* **INPUT DATA**
Content starts
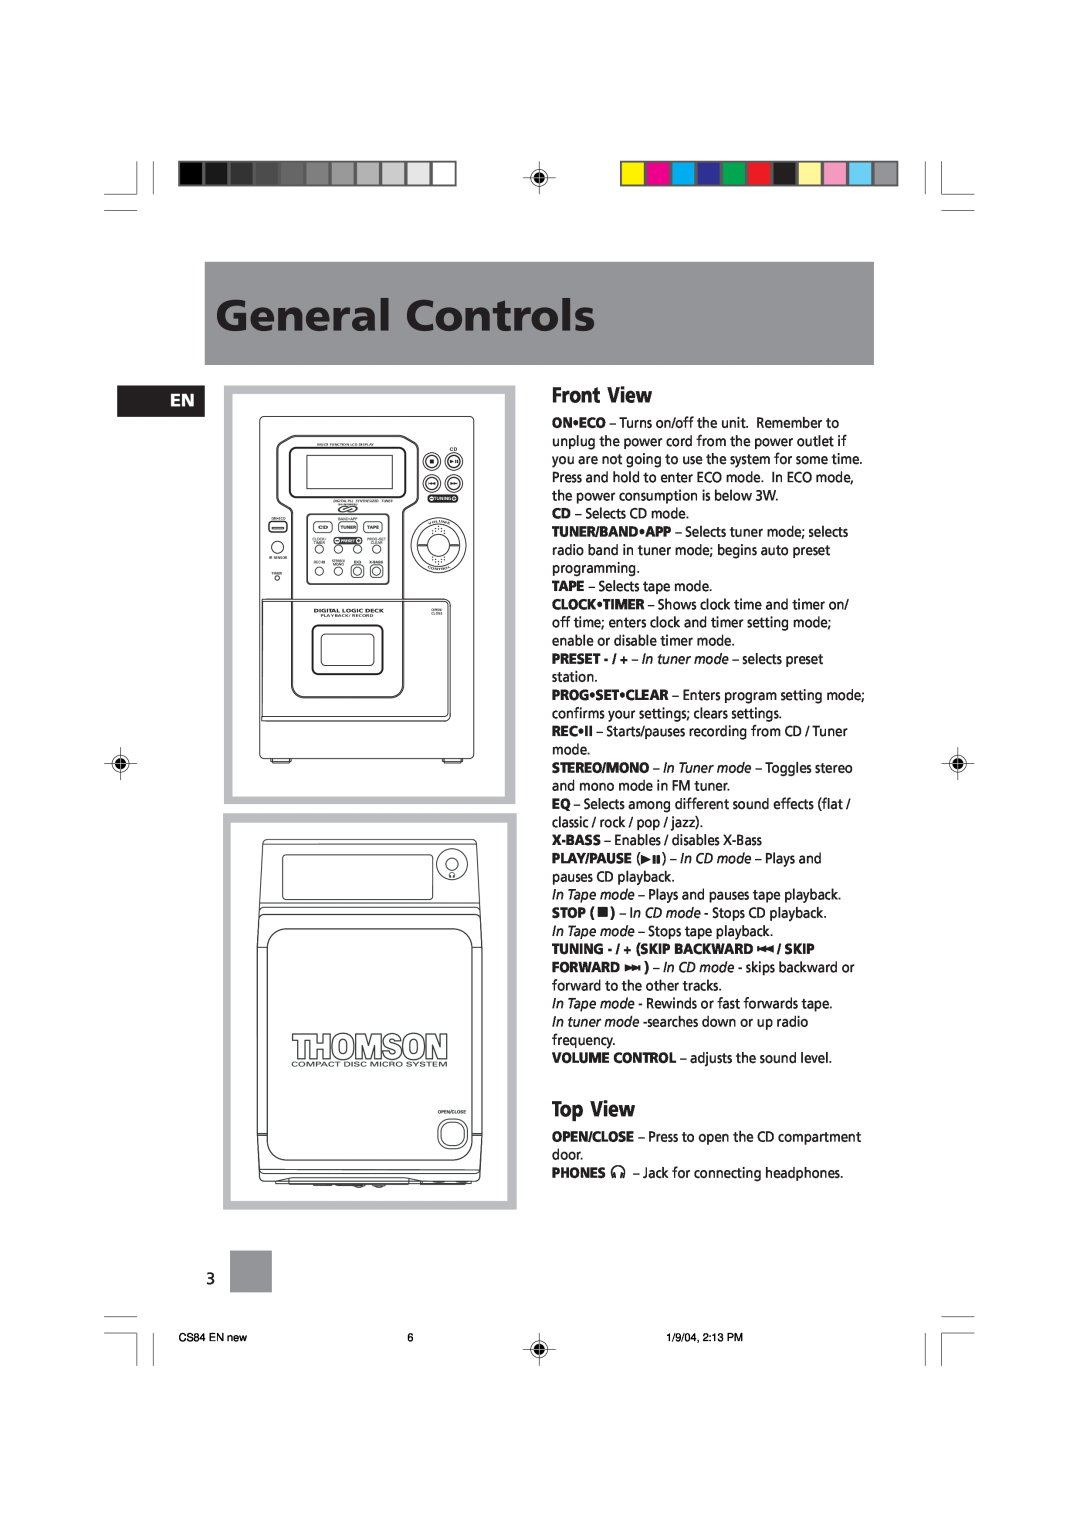 Technicolor - Thomson CS84 manual General Controls, Front View, Top View 
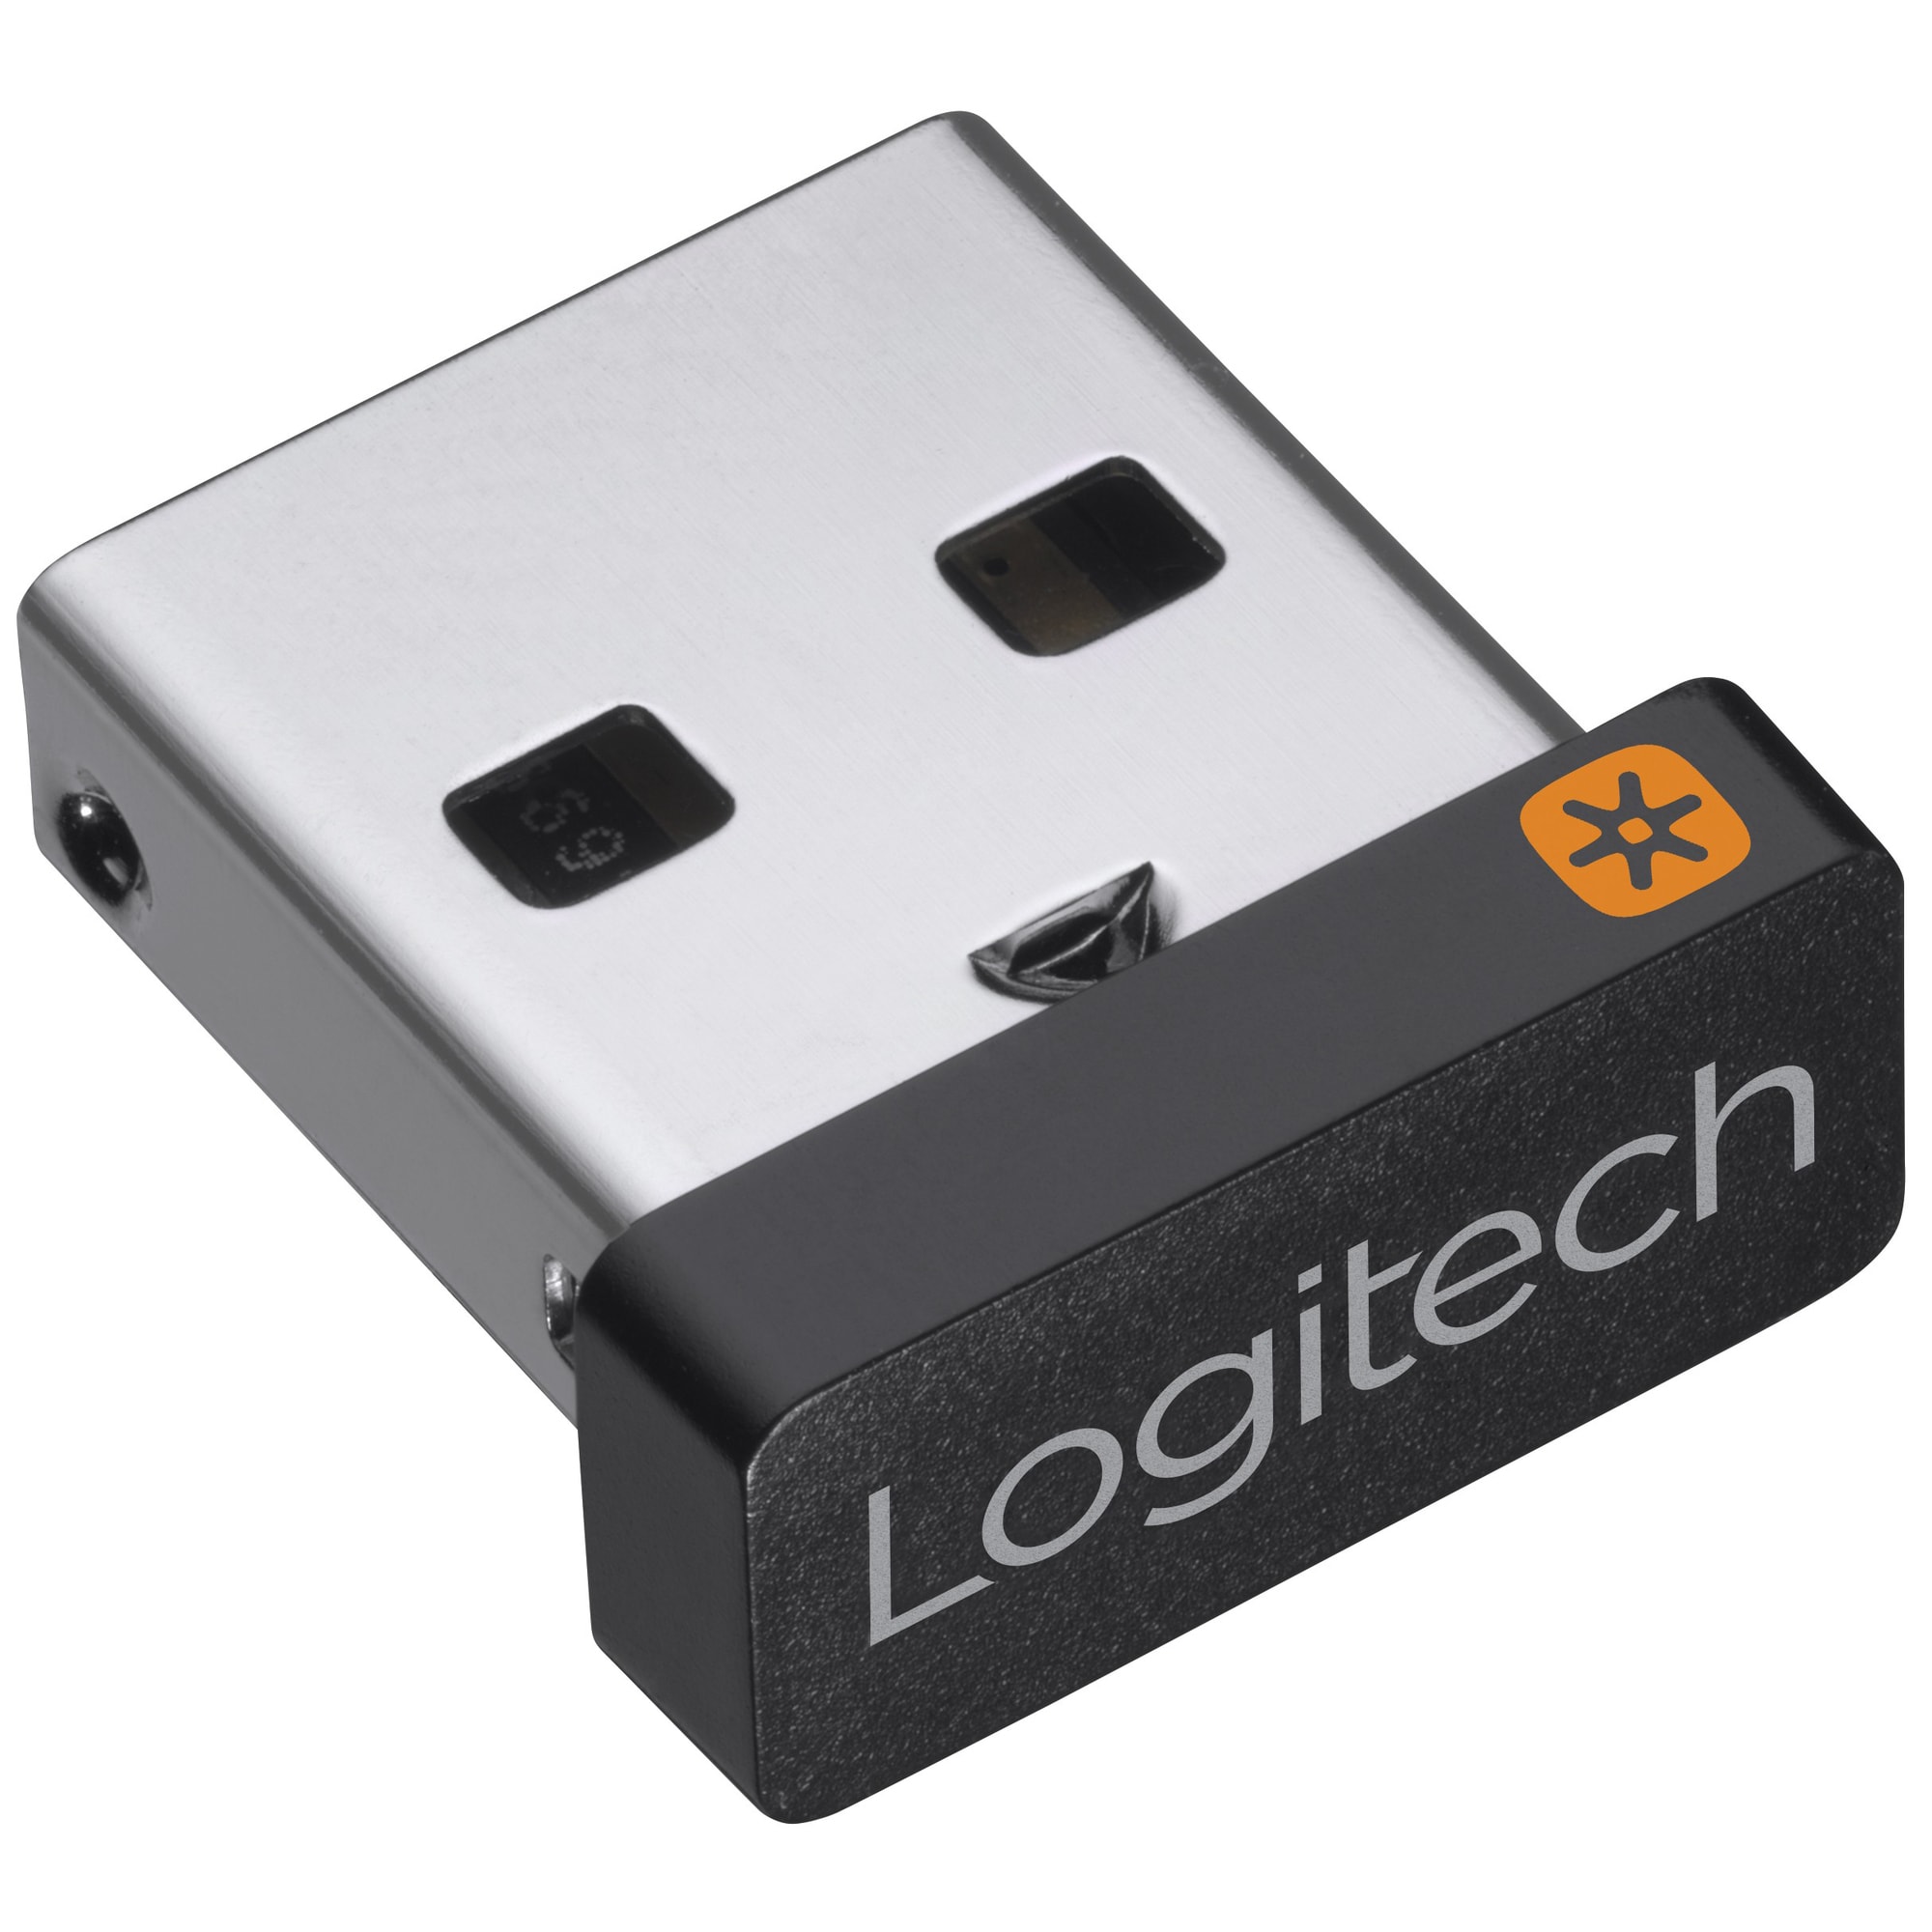 Logitech Unifying trådløs USB receiver | Elgiganten
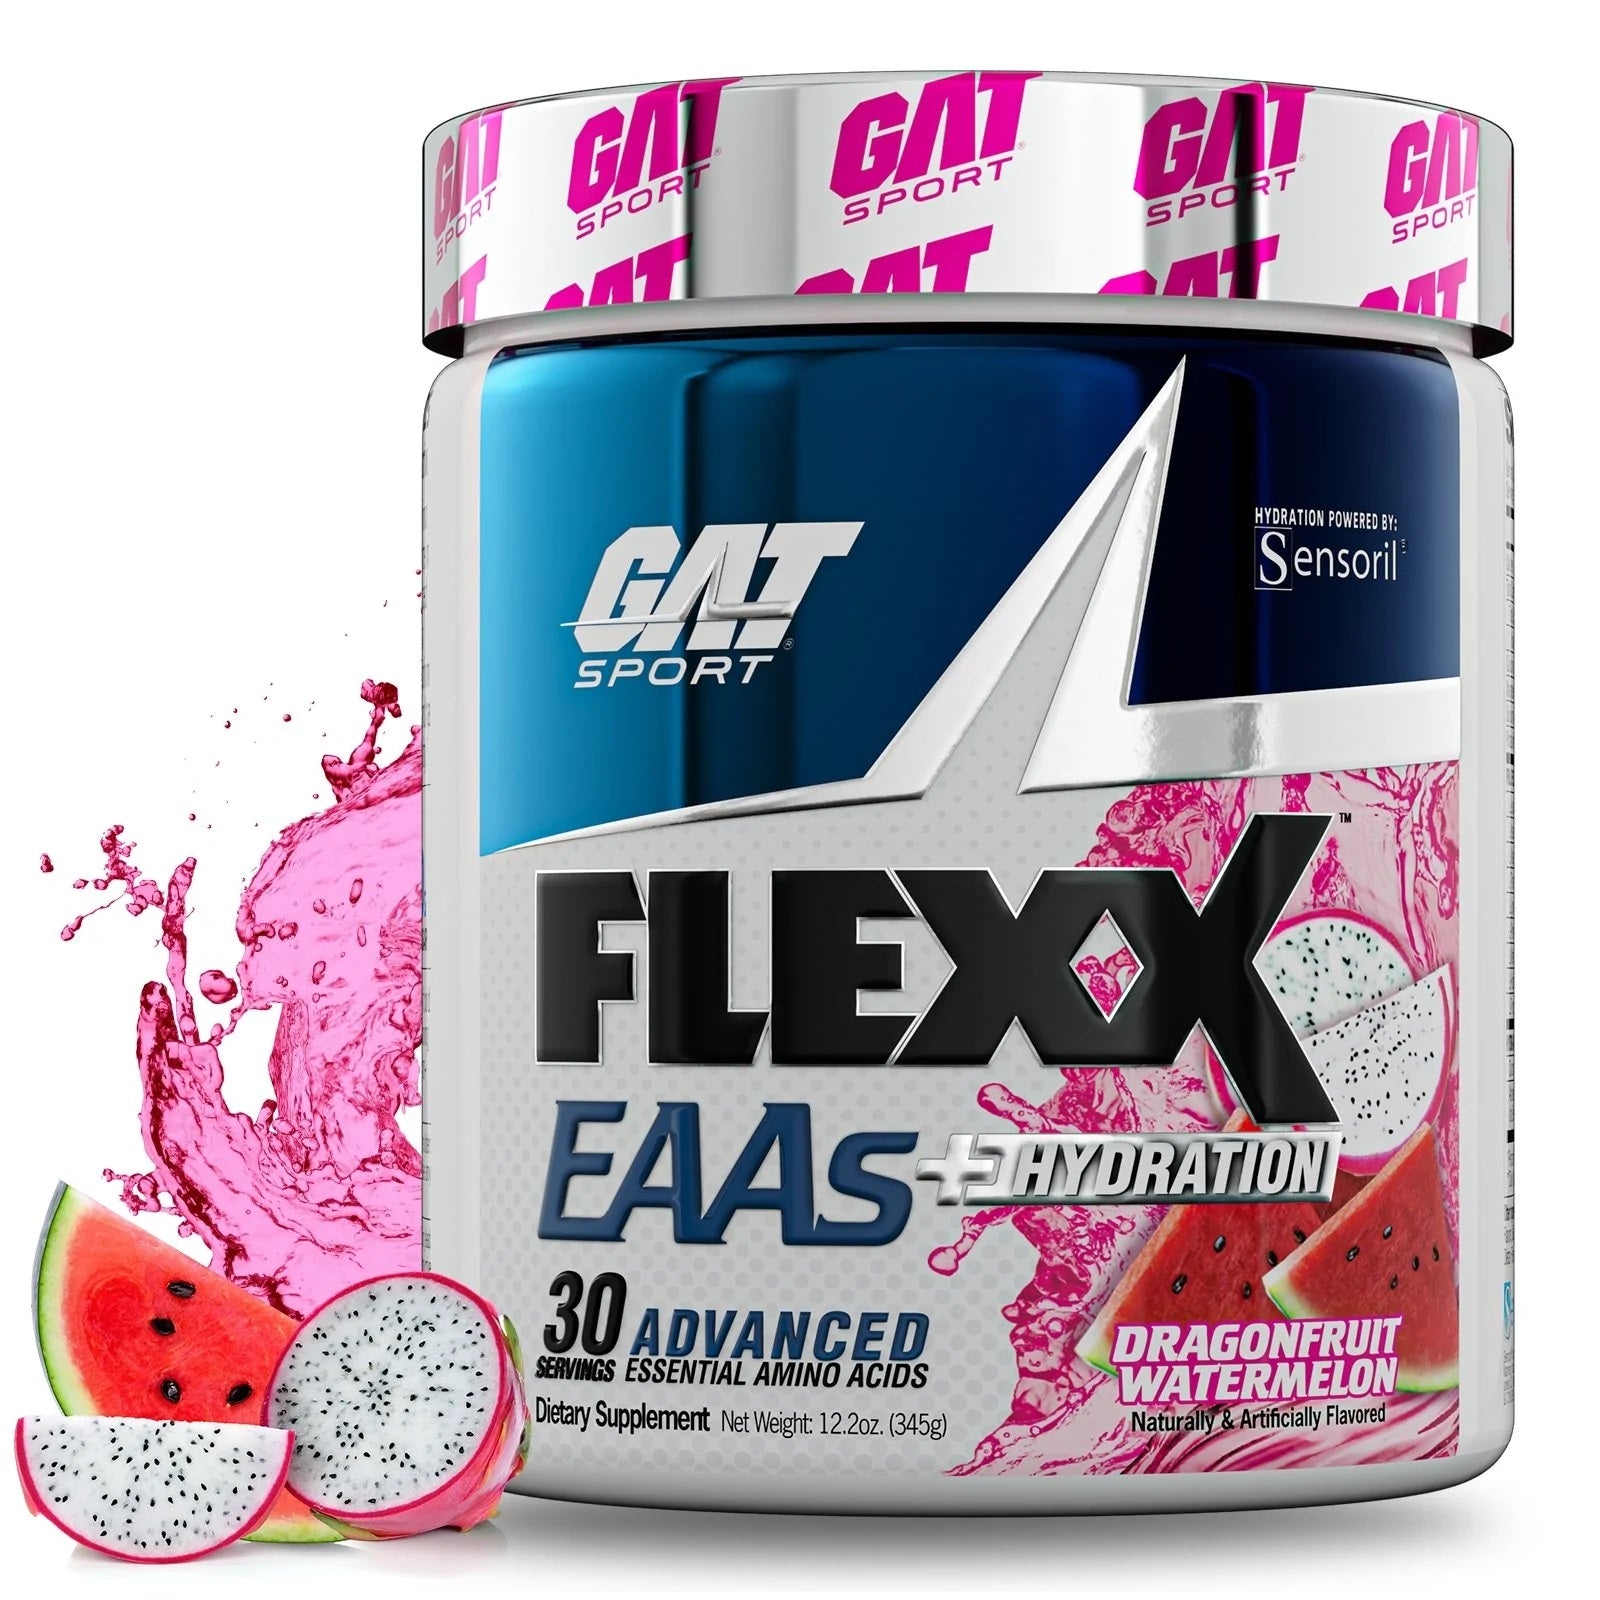 GAT Sport FLEXX EAAs+ Hydration watermelon
Content ends
* **TASK DIRECTIONS**
Write out the data precisely as given, excluding the pictures.

* **TASK OUTPUT**
 Technicolor - Thomson CS84 manual General Controls, Front View, Top View 
 Logitech Unifying trådløs USB receiver | Elgiganten
 GAT Sport FLEXX EAAs+ Hydration watermelon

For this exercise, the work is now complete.